Wednesday, February 13, 2013

The Mausoleum of Galla Placidia

Galla Placidia was a Roman princess who married a barbarian king, a real-life romance novel plot that, alas, was probably much more politics than romance. Galla Placadia (392-450) had about the most impressive pedigree in history. She was the daughter of one Roman emperor (Theodosius I) and the granddaughter, through her mother, of another (Valentinian I). She was also the half sister of two other emperors, Arcadius and Honorius. What's more, she spent much of her youth in the household of the great general Stilicho, remembered by some as the "last of the true Romans."

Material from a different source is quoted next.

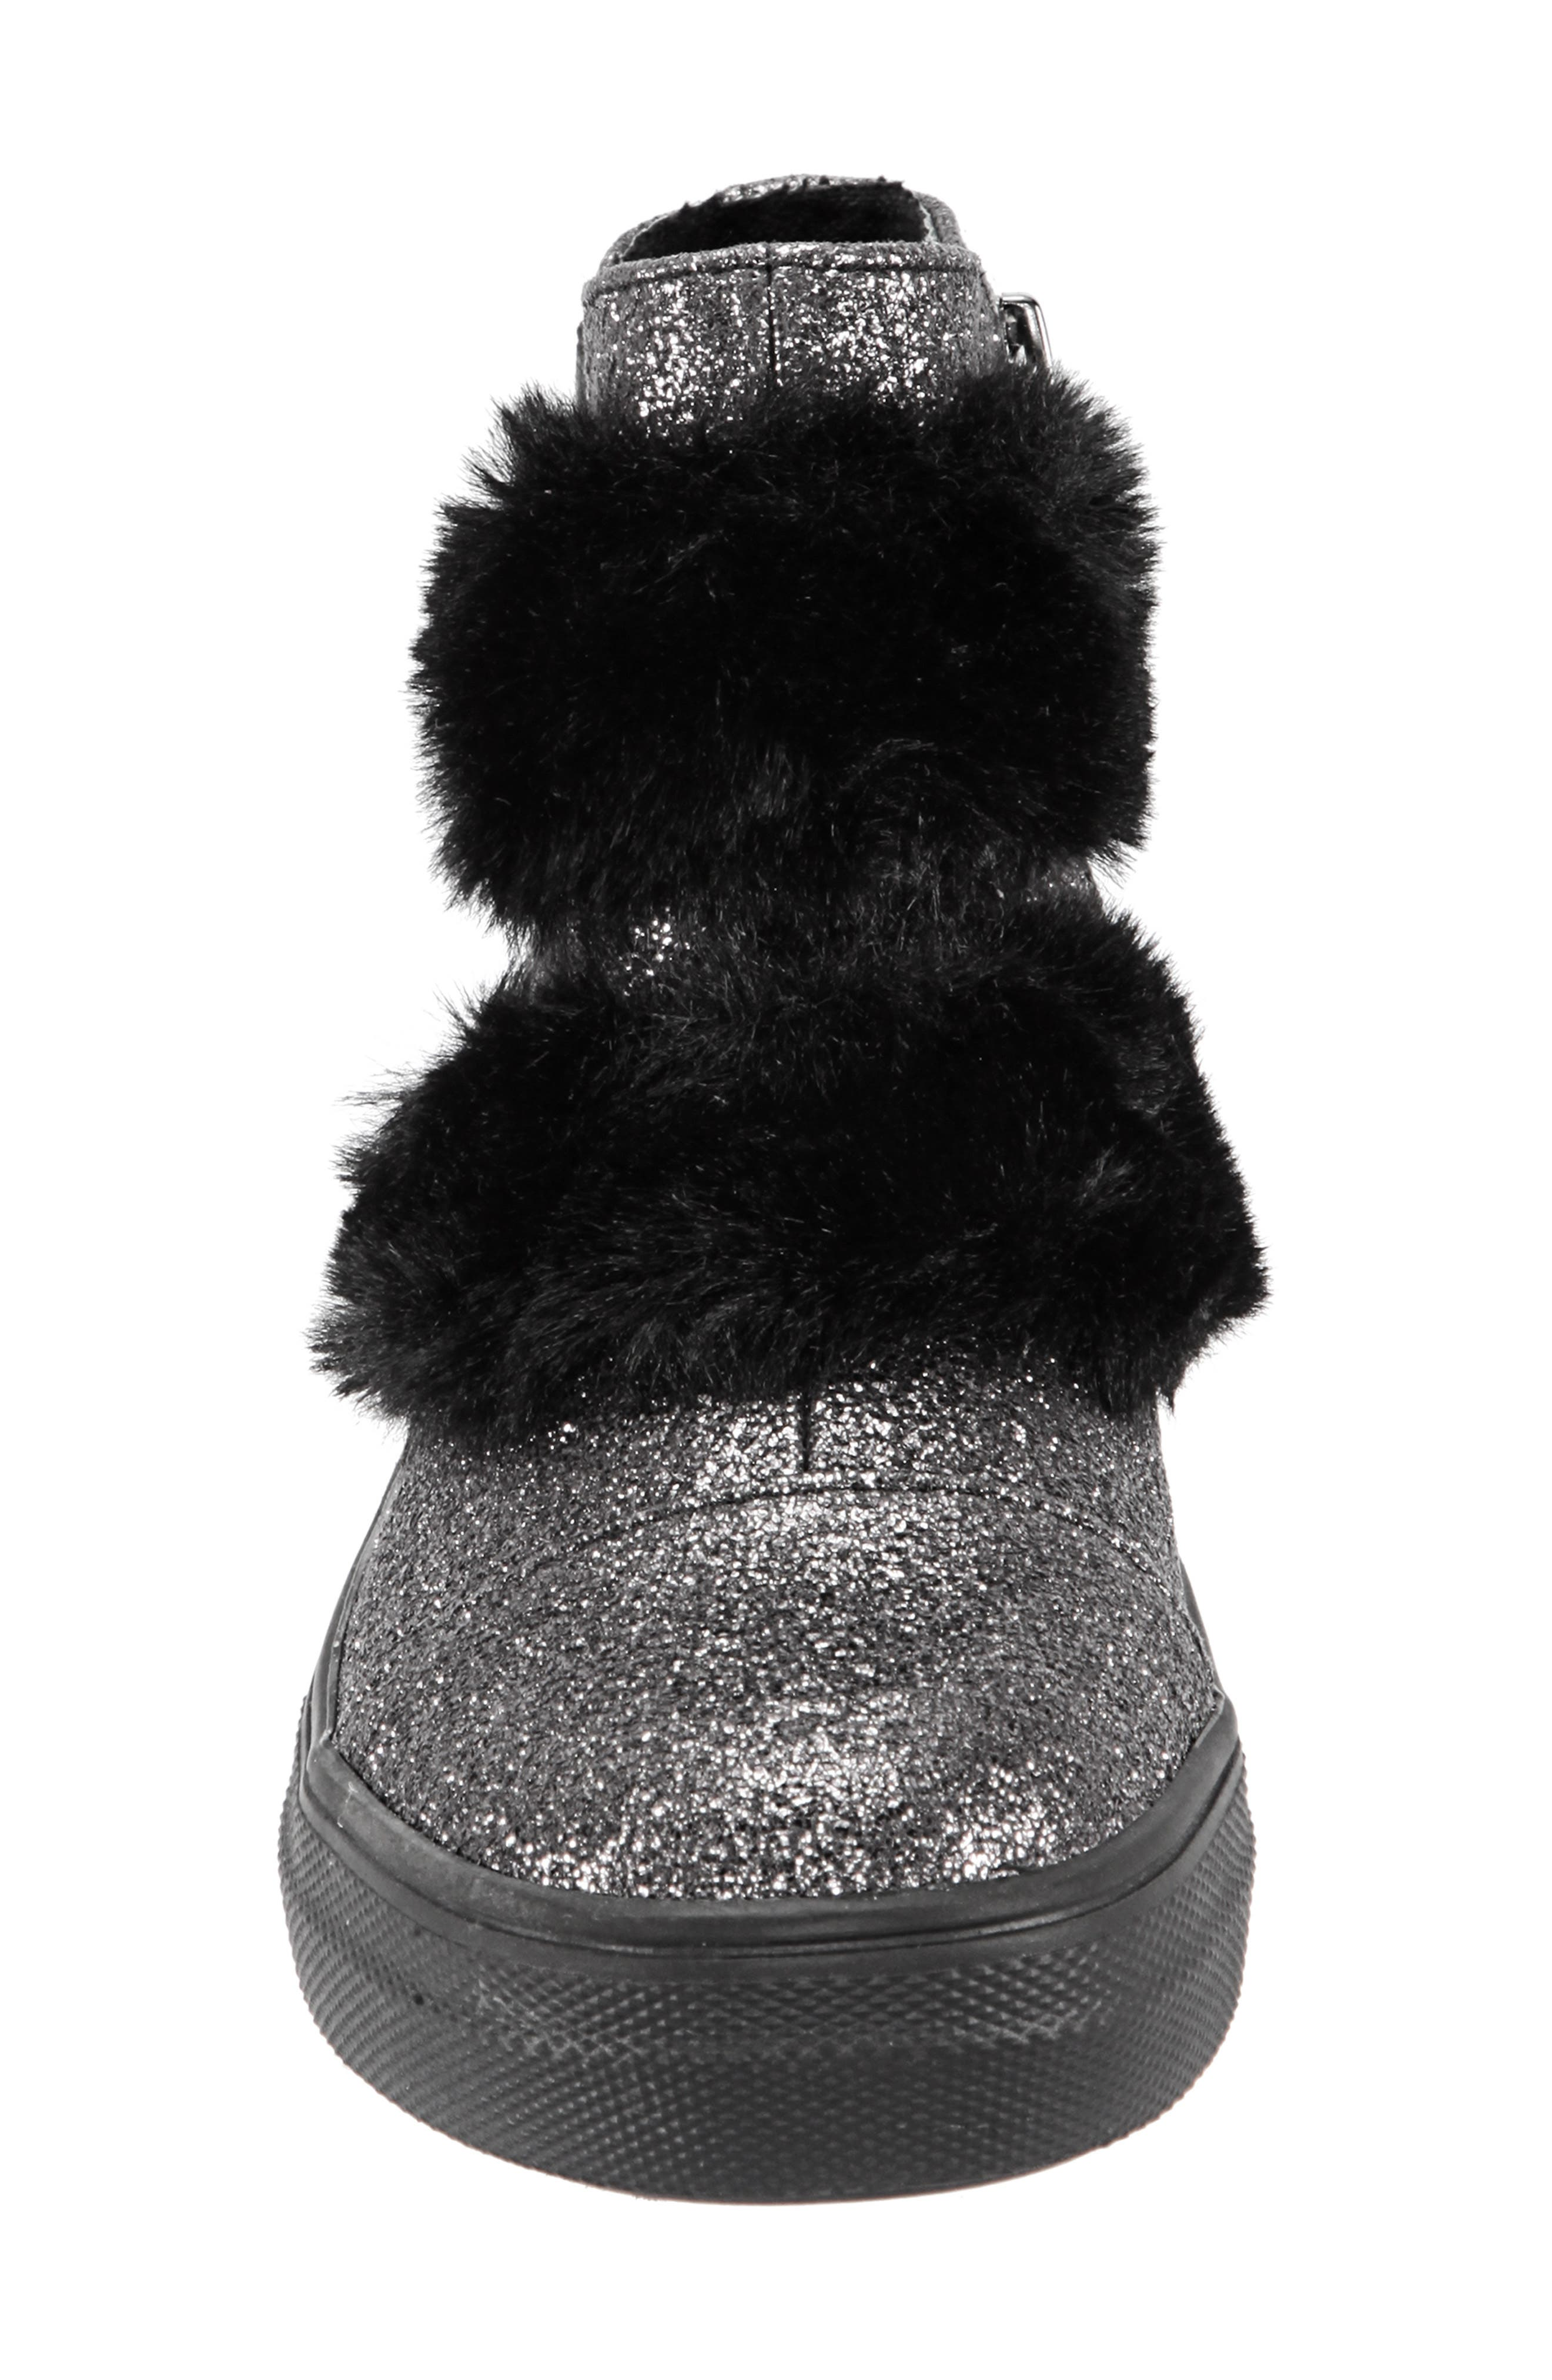 Helen Faux Fur Bootie Sneaker,                             Alternate thumbnail 4, color,                             PEWTER CRACKLE METALLIC

In 408, her worthless brother Honorius had Stilicho executed, and began rounding up and slaughtering the families of Stilicho's followers. Those followers had been defending Italy against the Visigothic King Alaric I. When their own emperor began trying to exterminate them, they promptly switched sided and joined Alaric.

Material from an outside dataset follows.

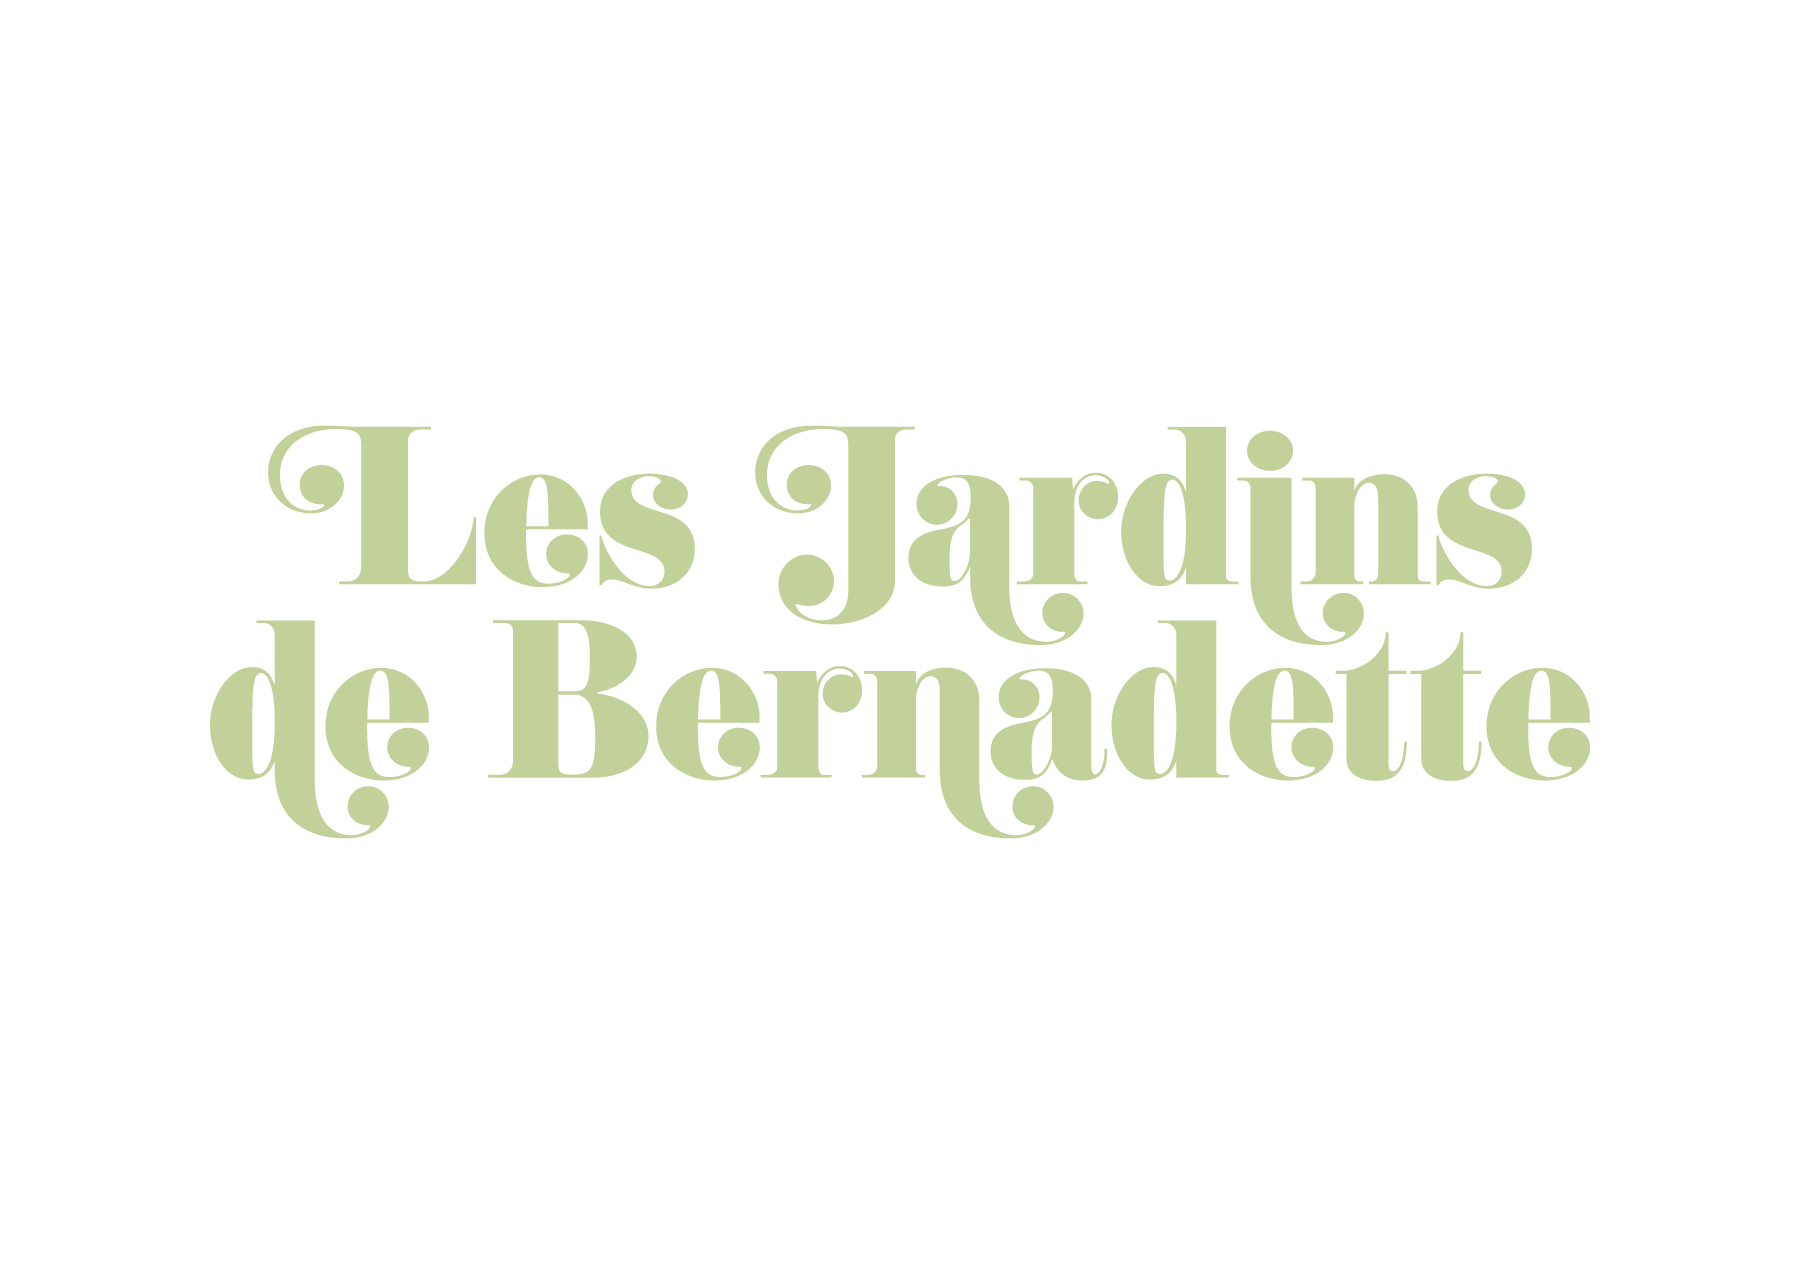 les jardins de bernadette – josselin tourette – logo – vertical – vert3

This left nobody to defend Italy, and Alaric promptly marched in and besieged Rome. After a year of back and forth negotiations, Alaric got tired of Honorius' diplomatic intrigues and ordered his men to storm the city. Rome, the city that bestrode the world, was sacked by the barbarian armies on August 24, 410.

Along with a vast horde of other booty, the Visigoths seized Galla Placidia. As part of the attempts to make peace that followed the sack, she was married to Alaric's brother Ataulf, probably in early 414 at Narbonne in Gaul. Alaric died soon after, and Ataulf became king of the Visigoths. Ataulf and Galla Placidia had at least one son, Theodosius, but he died very young.

Ataulf  rather foolishly included a man among his bodyguard a man who was the sworn follower of a chieftain Ataulf had once murdered; various accounts name this man either "Dubius" or "Eberwolf." Dubius/Eberwolf assassinated Ataulf in 415. After a frightening interlude as an unprotected woman in the midst of a Visigothic civil war, Galla Placidia was traded to the Romans for a large shipment of food and made her way back to Italy.

That meant returning to her awful brother Honorius. He promptly married her to the future Constantius III (so now she was married to an emperor) and they had several children, including the future emperor Valentinian III (so she was also the mother of an emperor). Valentinian became emperor as a child, and from 425 to 437 Galla Placidia was regent of the western empire. Not that there was much left of the western empire in 425, other than Italy and some islands, but still, regent of the Roman Empire is nothing to sneeze at.

Given this family and career, you can imagine that when Galla Placidia died in 450 she received an extraordinary funeral. She was interred in this amazing little mausoleum at Ravenna with its extraordinary mosaics, one of the most beautiful survivals of the fifth century.